#### TO DO:
Beneath this task is a listing; retype all of it exactly.

╭─ RECORDS PROVIDED

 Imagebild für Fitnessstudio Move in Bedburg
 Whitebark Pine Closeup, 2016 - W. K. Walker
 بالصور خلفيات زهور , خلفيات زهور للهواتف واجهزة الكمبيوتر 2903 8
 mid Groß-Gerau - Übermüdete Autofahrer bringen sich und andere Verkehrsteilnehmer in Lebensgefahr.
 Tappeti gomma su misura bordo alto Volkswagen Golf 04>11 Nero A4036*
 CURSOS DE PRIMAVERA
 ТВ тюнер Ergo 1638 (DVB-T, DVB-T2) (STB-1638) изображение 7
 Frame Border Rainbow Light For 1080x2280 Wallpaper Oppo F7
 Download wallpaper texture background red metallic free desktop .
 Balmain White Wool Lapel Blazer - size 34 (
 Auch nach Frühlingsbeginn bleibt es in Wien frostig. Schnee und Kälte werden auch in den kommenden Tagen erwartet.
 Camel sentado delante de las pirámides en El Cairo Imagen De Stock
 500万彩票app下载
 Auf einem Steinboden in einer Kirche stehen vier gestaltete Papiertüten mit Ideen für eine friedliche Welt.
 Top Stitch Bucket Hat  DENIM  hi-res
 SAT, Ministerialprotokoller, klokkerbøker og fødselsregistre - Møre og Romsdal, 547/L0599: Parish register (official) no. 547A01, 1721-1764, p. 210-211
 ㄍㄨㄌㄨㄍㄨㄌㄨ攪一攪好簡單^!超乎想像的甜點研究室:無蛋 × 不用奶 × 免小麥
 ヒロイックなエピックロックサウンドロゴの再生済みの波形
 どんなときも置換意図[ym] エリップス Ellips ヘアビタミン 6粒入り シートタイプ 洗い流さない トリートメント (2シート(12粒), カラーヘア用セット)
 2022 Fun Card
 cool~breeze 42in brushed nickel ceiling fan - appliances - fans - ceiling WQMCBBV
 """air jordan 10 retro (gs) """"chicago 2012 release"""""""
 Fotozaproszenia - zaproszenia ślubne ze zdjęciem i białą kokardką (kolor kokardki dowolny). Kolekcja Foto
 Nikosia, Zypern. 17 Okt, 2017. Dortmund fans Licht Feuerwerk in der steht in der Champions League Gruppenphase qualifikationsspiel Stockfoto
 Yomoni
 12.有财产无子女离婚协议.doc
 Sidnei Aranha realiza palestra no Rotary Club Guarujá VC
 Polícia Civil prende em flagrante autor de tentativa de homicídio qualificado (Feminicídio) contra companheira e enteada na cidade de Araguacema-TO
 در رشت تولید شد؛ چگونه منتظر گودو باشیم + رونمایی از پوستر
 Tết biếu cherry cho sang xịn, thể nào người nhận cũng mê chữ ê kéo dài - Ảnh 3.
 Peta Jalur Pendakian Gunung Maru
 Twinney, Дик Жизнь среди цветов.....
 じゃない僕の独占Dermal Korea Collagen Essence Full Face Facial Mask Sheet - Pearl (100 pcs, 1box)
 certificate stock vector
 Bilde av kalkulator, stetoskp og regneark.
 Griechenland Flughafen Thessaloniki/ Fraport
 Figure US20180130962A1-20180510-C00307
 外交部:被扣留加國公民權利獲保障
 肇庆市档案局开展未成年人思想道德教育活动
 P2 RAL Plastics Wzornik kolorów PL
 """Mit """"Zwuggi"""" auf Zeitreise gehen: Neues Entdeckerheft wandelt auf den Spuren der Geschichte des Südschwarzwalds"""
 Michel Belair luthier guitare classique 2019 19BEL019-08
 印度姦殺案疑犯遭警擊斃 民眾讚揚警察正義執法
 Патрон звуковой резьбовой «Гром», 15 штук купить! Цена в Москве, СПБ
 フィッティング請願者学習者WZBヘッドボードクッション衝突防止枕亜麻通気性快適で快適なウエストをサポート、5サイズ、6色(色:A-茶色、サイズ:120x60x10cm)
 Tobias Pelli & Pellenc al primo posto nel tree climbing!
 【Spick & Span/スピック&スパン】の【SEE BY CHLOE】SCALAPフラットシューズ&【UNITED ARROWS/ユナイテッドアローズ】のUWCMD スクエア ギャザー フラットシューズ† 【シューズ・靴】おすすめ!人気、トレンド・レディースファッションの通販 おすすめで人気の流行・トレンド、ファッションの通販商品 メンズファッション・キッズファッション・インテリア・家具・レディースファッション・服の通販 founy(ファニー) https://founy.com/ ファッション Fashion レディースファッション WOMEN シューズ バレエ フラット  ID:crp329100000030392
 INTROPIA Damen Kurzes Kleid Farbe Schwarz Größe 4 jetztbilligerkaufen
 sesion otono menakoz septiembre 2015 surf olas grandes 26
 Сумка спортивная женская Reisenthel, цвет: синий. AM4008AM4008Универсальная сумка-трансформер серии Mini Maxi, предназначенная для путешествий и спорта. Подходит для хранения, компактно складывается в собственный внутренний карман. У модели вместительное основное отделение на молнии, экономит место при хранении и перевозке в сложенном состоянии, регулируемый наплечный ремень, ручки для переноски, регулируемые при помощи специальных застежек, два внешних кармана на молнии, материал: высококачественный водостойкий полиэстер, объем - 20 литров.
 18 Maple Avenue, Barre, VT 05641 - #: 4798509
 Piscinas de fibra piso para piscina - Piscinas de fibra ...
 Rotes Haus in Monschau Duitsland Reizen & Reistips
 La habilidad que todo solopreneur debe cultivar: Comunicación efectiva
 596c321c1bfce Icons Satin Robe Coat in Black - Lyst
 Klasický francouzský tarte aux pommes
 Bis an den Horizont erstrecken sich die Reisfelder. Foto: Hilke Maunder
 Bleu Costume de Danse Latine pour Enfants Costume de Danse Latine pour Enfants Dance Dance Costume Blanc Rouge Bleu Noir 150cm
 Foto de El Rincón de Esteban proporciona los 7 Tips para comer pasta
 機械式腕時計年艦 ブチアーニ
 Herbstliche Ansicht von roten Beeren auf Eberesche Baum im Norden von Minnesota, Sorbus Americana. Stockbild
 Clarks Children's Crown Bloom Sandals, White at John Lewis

╰─

#### TASK RESPONSE:
 Imagebild für Fitnessstudio Move in Bedburg
 Whitebark Pine Closeup, 2016 - W. K. Walker
 بالصور خلفيات زهور , خلفيات زهور للهواتف واجهزة الكمبيوتر 2903 8
 mid Groß-Gerau - Übermüdete Autofahrer bringen sich und andere Verkehrsteilnehmer in Lebensgefahr.
 Tappeti gomma su misura bordo alto Volkswagen Golf 04>11 Nero A4036*
 CURSOS DE PRIMAVERA
 ТВ тюнер Ergo 1638 (DVB-T, DVB-T2) (STB-1638) изображение 7
 Frame Border Rainbow Light For 1080x2280 Wallpaper Oppo F7
 Download wallpaper texture background red metallic free desktop .
 Balmain White Wool Lapel Blazer - size 34 (
 Auch nach Frühlingsbeginn bleibt es in Wien frostig. Schnee und Kälte werden auch in den kommenden Tagen erwartet.
 Camel sentado delante de las pirámides en El Cairo Imagen De Stock
 500万彩票app下载
 Auf einem Steinboden in einer Kirche stehen vier gestaltete Papiertüten mit Ideen für eine friedliche Welt.
 Top Stitch Bucket Hat  DENIM  hi-res
 SAT, Ministerialprotokoller, klokkerbøker og fødselsregistre - Møre og Romsdal, 547/L0599: Parish register (official) no. 547A01, 1721-1764, p. 210-211
 ㄍㄨㄌㄨㄍㄨㄌㄨ攪一攪好簡單^!超乎想像的甜點研究室:無蛋 × 不用奶 × 免小麥
 ヒロイックなエピックロックサウンドロゴの再生済みの波形
 どんなときも置換意図[ym] エリップス Ellips ヘアビタミン 6粒入り シートタイプ 洗い流さない トリートメント (2シート(12粒), カラーヘア用セット)
 2022 Fun Card
 cool~breeze 42in brushed nickel ceiling fan - appliances - fans - ceiling WQMCBBV
 """air jordan 10 retro (gs) """"chicago 2012 release"""""""
 Fotozaproszenia - zaproszenia ślubne ze zdjęciem i białą kokardką (kolor kokardki dowolny). Kolekcja Foto
 Nikosia, Zypern. 17 Okt, 2017. Dortmund fans Licht Feuerwerk in der steht in der Champions League Gruppenphase qualifikationsspiel Stockfoto
 Yomoni
 12.有财产无子女离婚协议.doc
 Sidnei Aranha realiza palestra no Rotary Club Guarujá VC
 Polícia Civil prende em flagrante autor de tentativa de homicídio qualificado (Feminicídio) contra companheira e enteada na cidade de Araguacema-TO
 در رشت تولید شد؛ چگونه منتظر گودو باشیم + رونمایی از پوستر
 Tết biếu cherry cho sang xịn, thể nào người nhận cũng mê chữ ê kéo dài - Ảnh 3.
 Peta Jalur Pendakian Gunung Maru
 Twinney, Дик Жизнь среди цветов.....
 じゃない僕の独占Dermal Korea Collagen Essence Full Face Facial Mask Sheet - Pearl (100 pcs, 1box)
 certificate stock vector
 Bilde av kalkulator, stetoskp og regneark.
 Griechenland Flughafen Thessaloniki/ Fraport
 Figure US20180130962A1-20180510-C00307
 外交部:被扣留加國公民權利獲保障
 肇庆市档案局开展未成年人思想道德教育活动
 P2 RAL Plastics Wzornik kolorów PL
 """Mit """"Zwuggi"""" auf Zeitreise gehen: Neues Entdeckerheft wandelt auf den Spuren der Geschichte des Südschwarzwalds"""
 Michel Belair luthier guitare classique 2019 19BEL019-08
 印度姦殺案疑犯遭警擊斃 民眾讚揚警察正義執法
 Патрон звуковой резьбовой «Гром», 15 штук купить! Цена в Москве, СПБ
 フィッティング請願者学習者WZBヘッドボードクッション衝突防止枕亜麻通気性快適で快適なウエストをサポート、5サイズ、6色(色:A-茶色、サイズ:120x60x10cm)
 Tobias Pelli & Pellenc al primo posto nel tree climbing!
 【Spick & Span/スピック&スパン】の【SEE BY CHLOE】SCALAPフラットシューズ&【UNITED ARROWS/ユナイテッドアローズ】のUWCMD スクエア ギャザー フラットシューズ† 【シューズ・靴】おすすめ!人気、トレンド・レディースファッションの通販 おすすめで人気の流行・トレンド、ファッションの通販商品 メンズファッション・キッズファッション・インテリア・家具・レディースファッション・服の通販 founy(ファニー) https://founy.com/ ファッション Fashion レディースファッション WOMEN シューズ バレエ フラット  ID:crp329100000030392
 INTROPIA Damen Kurzes Kleid Farbe Schwarz Größe 4 jetztbilligerkaufen
 sesion otono menakoz septiembre 2015 surf olas grandes 26
 Сумка спортивная женская Reisenthel, цвет: синий. AM4008AM4008Универсальная сумка-трансформер серии Mini Maxi, предназначенная для путешествий и спорта. Подходит для хранения, компактно складывается в собственный внутренний карман. У модели вместительное основное отделение на молнии, экономит место при хранении и перевозке в сложенном состоянии, регулируемый наплечный ремень, ручки для переноски, регулируемые при помощи специальных застежек, два внешних кармана на молнии, материал: высококачественный водостойкий полиэстер, объем - 20 литров.
 18 Maple Avenue, Barre, VT 05641 - #: 4798509
 Piscinas de fibra piso para piscina - Piscinas de fibra ...
 Rotes Haus in Monschau Duitsland Reizen & Reistips
 La habilidad que todo solopreneur debe cultivar: Comunicación efectiva
 596c321c1bfce Icons Satin Robe Coat in Black - Lyst
 Klasický francouzský tarte aux pommes
 Bis an den Horizont erstrecken sich die Reisfelder. Foto: Hilke Maunder
 Bleu Costume de Danse Latine pour Enfants Costume de Danse Latine pour Enfants Dance Dance Costume Blanc Rouge Bleu Noir 150cm
 Foto de El Rincón de Esteban proporciona los 7 Tips para comer pasta
 機械式腕時計年艦 ブチアーニ
 Herbstliche Ansicht von roten Beeren auf Eberesche Baum im Norden von Minnesota, Sorbus Americana. Stockbild
 Clarks Children's Crown Bloom Sandals, White at John Lewis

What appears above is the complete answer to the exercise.